Единственный светильник надо мной ярко сияет, направленный прямо вниз, на то безобразие, в котором я нахожусь. Без рубашки, обнажающей все мои шрамы, которые они создали, окровавленные штаны и искаженное до неузнаваемости лицо скрывают меня сейчас. Все, что он когда-либо хотел.
Охранник рядом кружит со смехом, наслаждаясь своим превосходством над одним из самых безжалостных и смертоносных убийц, которых он, скорее всего, когда-либо встречал. Он думает, что победил, его высокомерие разлагается от самодовольной ухмылки, которую он носит на своем тучном лице, не зная, что я добровольно пристегнул себя перед ним.
Он подходит к столу, который они поставили слева от меня, и я, прищурив единственный открытый глаз, замечаю бутылку вина, которую он держит за горлышко. Кто-то за моей спиной крепко дергает меня за волосы, и я резко отшатываюсь назад. Моя шея изгибается под неудобным углом, поворачивая лицо к свету, и тень мужчины надо мной становится видна.
— Ах, мой милый, милый мальчик. — Он щелкает языком. — Прошло много лет с тех пор, как мы были знакомы. — Он наклоняется к моей голове и шепчет мне на ухо тоном, который заставляет меня содрогнуться от воспоминаний о мучительном прошлом. — Я очень скучал по нашим урокам.
Епископ Колдуэлл.
Они привели меня в логово льва, наполненное лишь демонами моего прошлого.
Я дергаюсь, борясь со своими путами, борясь за свои волосы, отдавая все силы, чтобы освободиться от его хватки, но каждая часть моего тела болит, когда я пытаюсь вывернуться и повернуться. Ребра сломаны, сухожилия порваны в клетке, в которую я сам себя загнал.

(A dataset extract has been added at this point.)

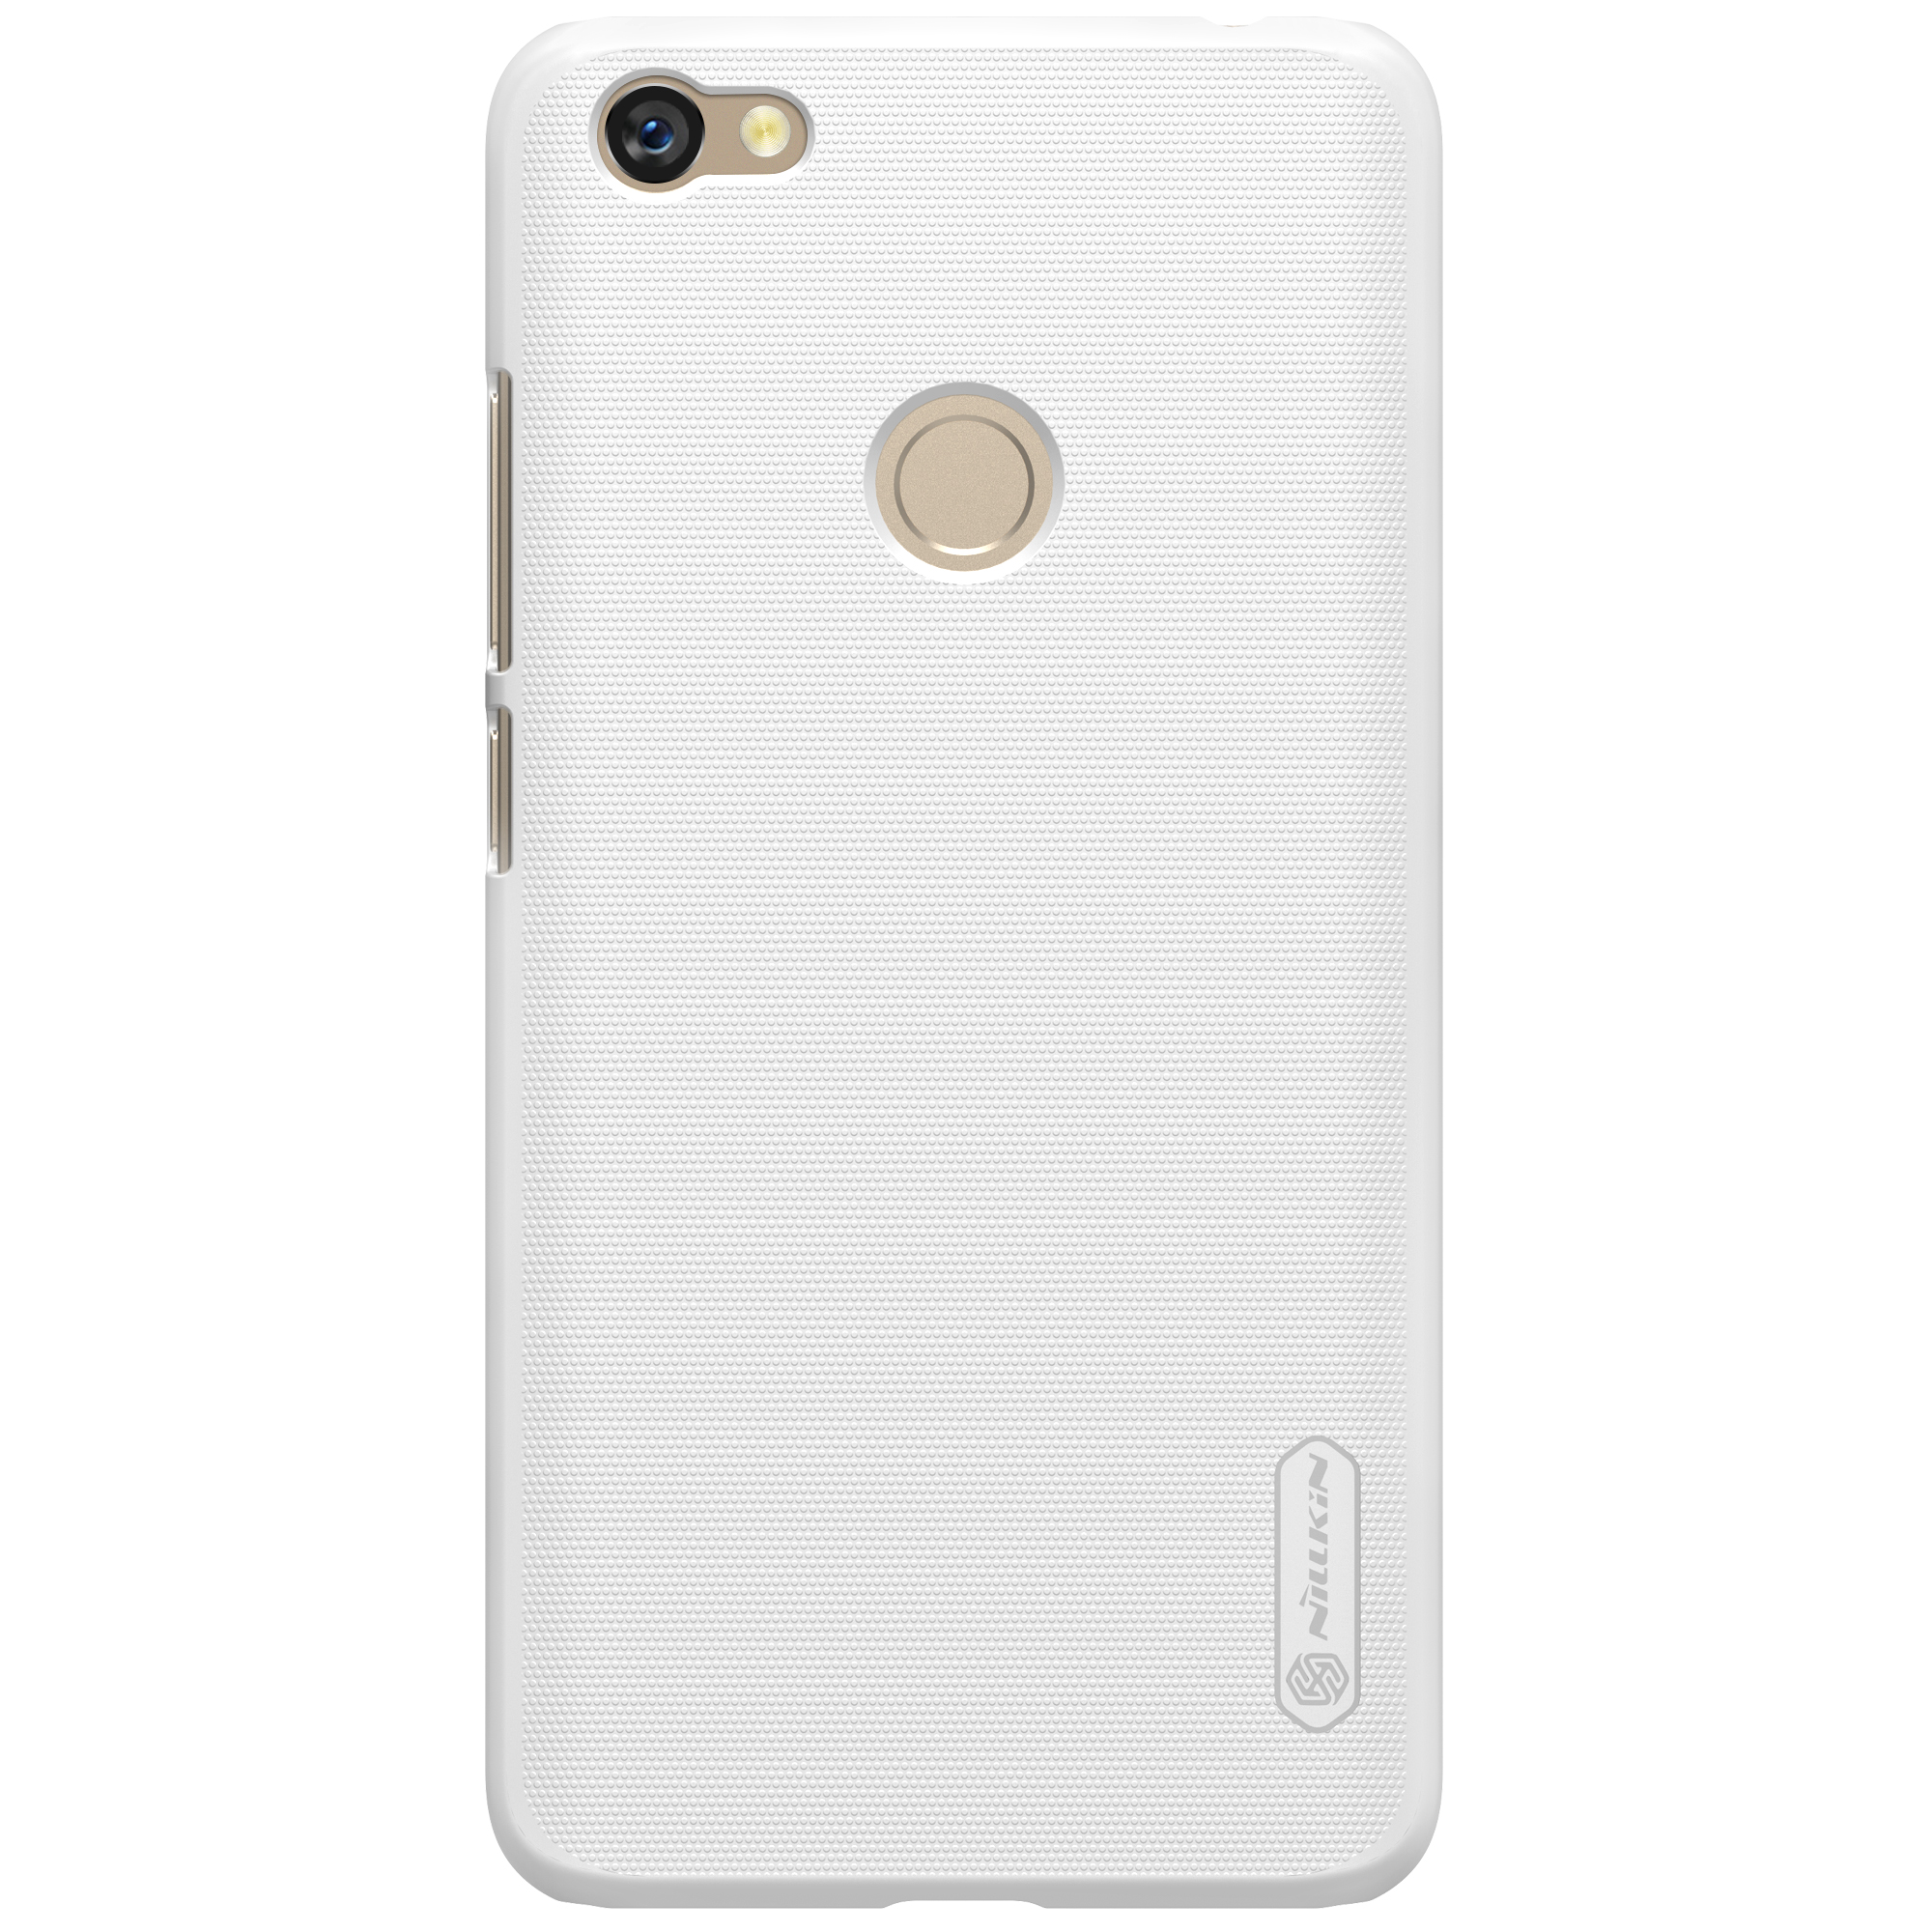 Чехол для Xiaomi Redmi Note 5, Xiaomi Redmi Note 5 Pro Накладка Frosted Xiaomi Redmi Note 5/Note 5 Pro White xiaomi redmi note 5

Ради блага людей часто приходится идти на жертвы. И вот я здесь, приношу себя в жертву в надежде, что она найдет в себе силы, которые я питал и взращивал, чтобы спасти человека, который бесконечно требует ее.
— Я не собираюсь лгать тебе, — снова начинает он, обходя меня спереди, в то время как охранник позади меня хватает меня за волосы, снова удерживая меня на месте. — Я рад узнать, что ты потерял веру. Что ты далеко отошел от Христа и святости своей религии.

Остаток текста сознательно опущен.